When thinking about music in film, I kept dwelling on moments where the movies’ characters would sing or do something unexpectedly musical, creating a nice moment of levity or a revealing look into the character’s inner monologue.  There are several contenders for my favorite of this time of movie music—Ryan Gosling singing ‘You Always Hurt The One You Love’ and playing ukulele in Blue Valentine, an entire restaurant singing ‘Say A Little Prayer’ in My Best Friend’s Wedding, the parade scene set to ‘Twist and Shout’ in Ferris Buehler’s Day Off—but the one that comes to the perfect pinnacle of humor, emotion, and character development is the iconic ‘Tiny Dancer’ scene from Cameron Crowe’s Almost Famous. In a movie full of musical performances and carefully chosen music cues, this one emerges as a spontaneous sing-a-long on the tour bus of the fictional band at the center of the film after a turbulent night of missing lead singers and drug trips. The familiarity of the Elton John hit works perfectly to melt away the tension on the tour bus, and you can clearly see the transformation happening within each character during this song. Maybe it’s too easy that this volatile band can forgive each other just by singing along to “Tiny Dancer,” but the moment plays so genuinely and unpretentiously, that you can believe all it takes is the reminder of their passion for music to keep the tour going.

Bridget Illing

“Just Like Honey,” by The Jesus and Mary Chain, from Lost in Translation

I rarely let the emotions I feel while watching a film get the best of me to the point where I produce tears. However, the one film that evokes such a response from me each and every viewing is Sofia Coppola’s magnificent  Lost In Translation.

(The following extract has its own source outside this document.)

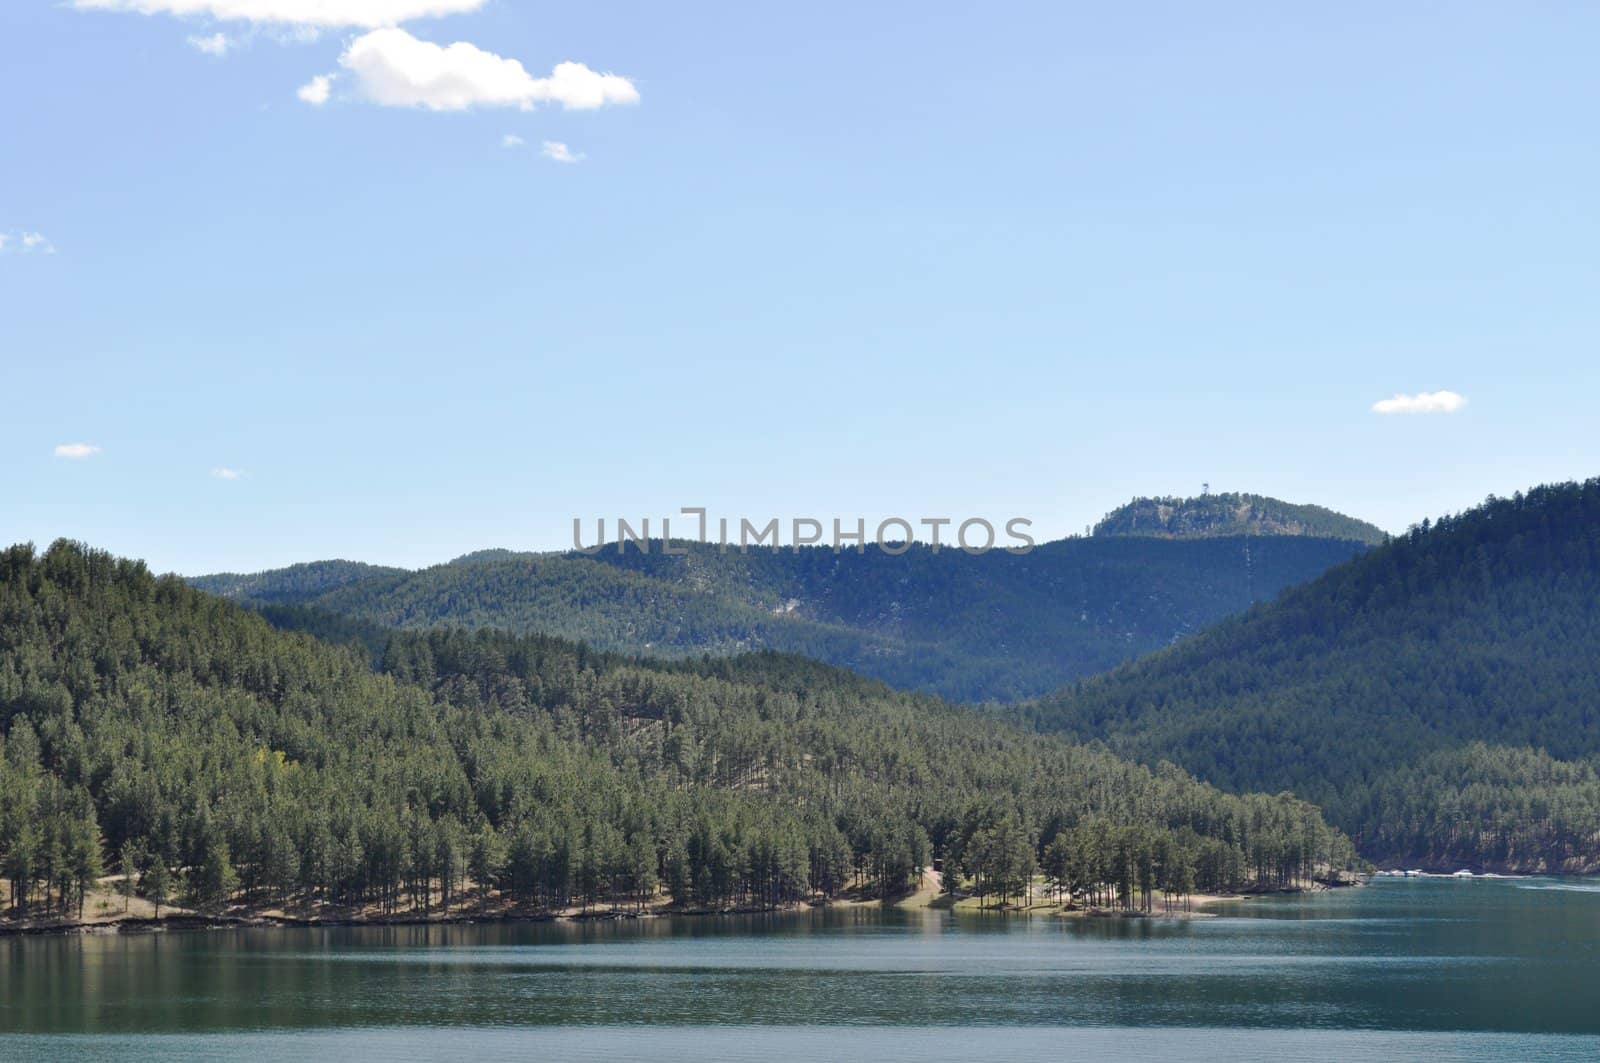 Black hills and water background by RefocusPhoto
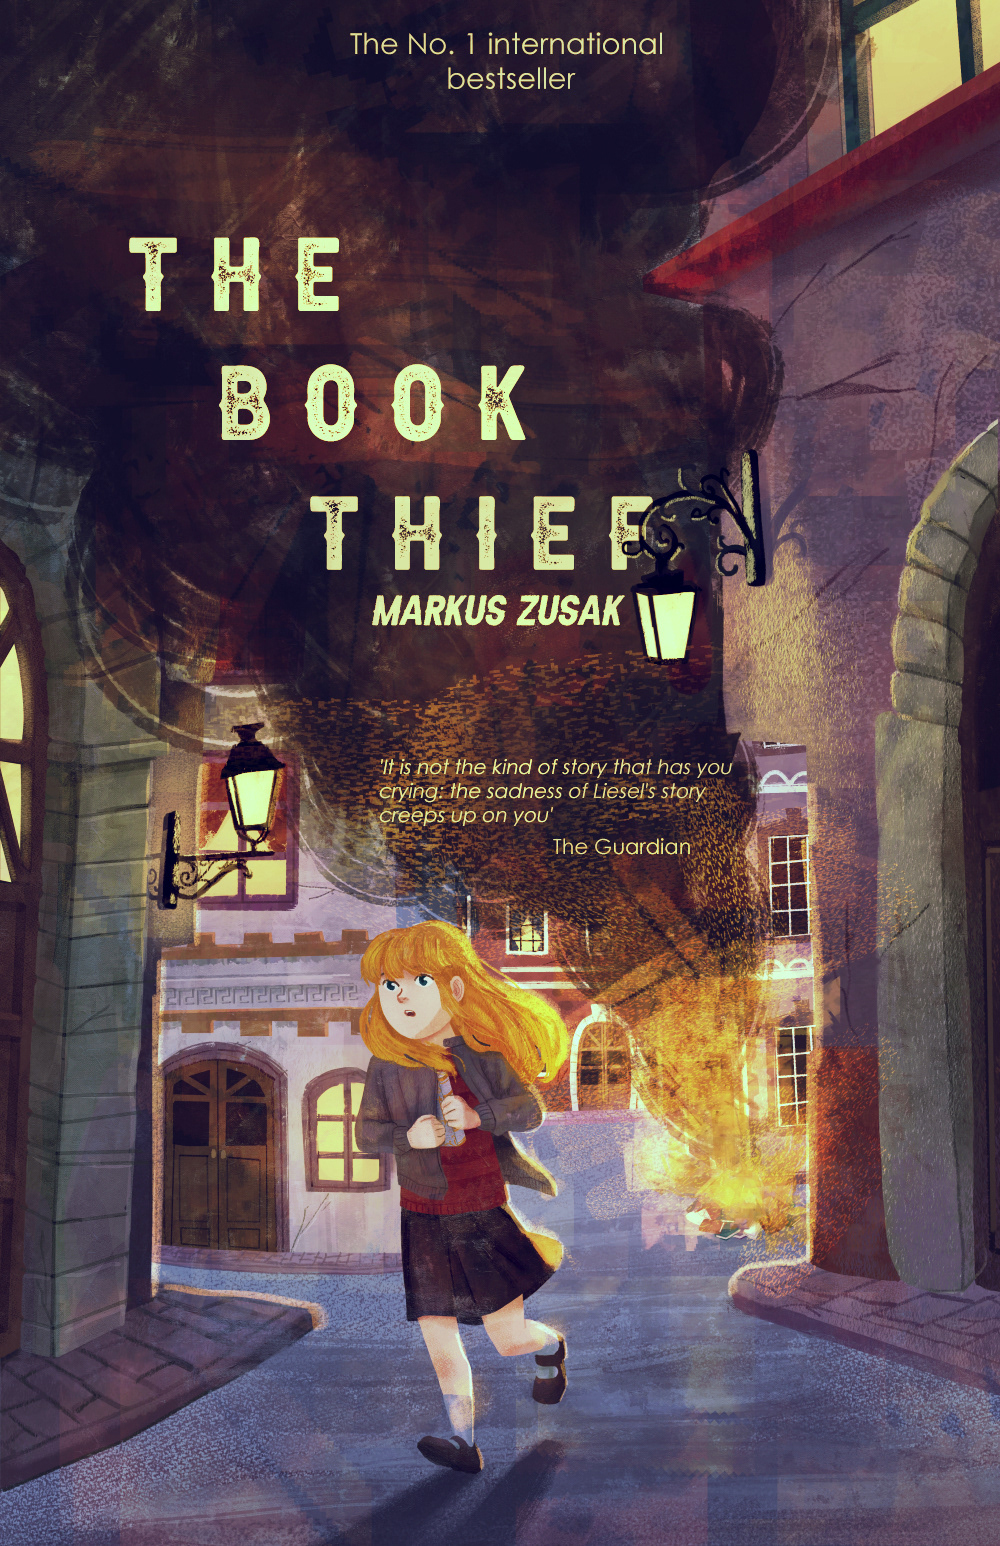 Book burning cover cover illustration markus zusak Middle grade Middle Grade Book middle grade book cover The book thief towm

The scene that works me up is always the ending scene where Bill Murray leaves his town car upon glimpsing the back of Scarlett Johansson’s head and whispers his goodbyes before he returns to his mid-life crisis in America.  As Murray backs away from Johansson, the opening drums to “Just Like Honey” kick in and they never fail to rip open my heart. When Jim Reid’s vocals softly and timidly greet the screen, it is impossible to doubt that Lost in Translation is Coppola’s magnum opus and Psychocandy is the best of many great records by The Jesus and Mary Chain. Never have I seen song choice so perfectly compliment a film ending. It’s no wonder why I can’t stop from welling up.

Joshua D. Razo

“Fog Bound,” by Klaus Badelt, from Pirates of the Carribean: Curse of the Black Pearl

When I hear this song, I think about pirates. I knew about pirates before Pirates of the Carribean had ever been released, I had read books about pirates, I had pretended to be a pirate, but it wasn’t until I heard this song that I really understood the appeal of romanticized sea theft. I don’t know if I can honestly call it a great song, but the jaunty old timey tune imparts a feeling of adventure and freedom that characterizes the film, and that’s a credit to any soundtrack.

Benn Myers

“I Just Called to Say I Love You,” Stevie Wonder from The Woman in Red

You know a song is good when it makes the little wikipedia sidebar on Google search when you look up a film. That’s serious business — and not an award many songs should receive. However, in the case of Stevie Wonder’s “I Just Called to Say I Love You,” that honor is well-deserved. The song is cheesier than a Nabisco fair (and even cheesier than that joke), but it’s is the best kind of cheese there is. Behind Wonder’s smooth vocals and some great synthesizer chords, “I Just Called to Say I Love You” is a beautiful piece of 80’s schmaltz, and there’s really no way to avoid enjoying this song. Plus, it has a pretty rad, totally 80’s music video that is really just too perfect for words.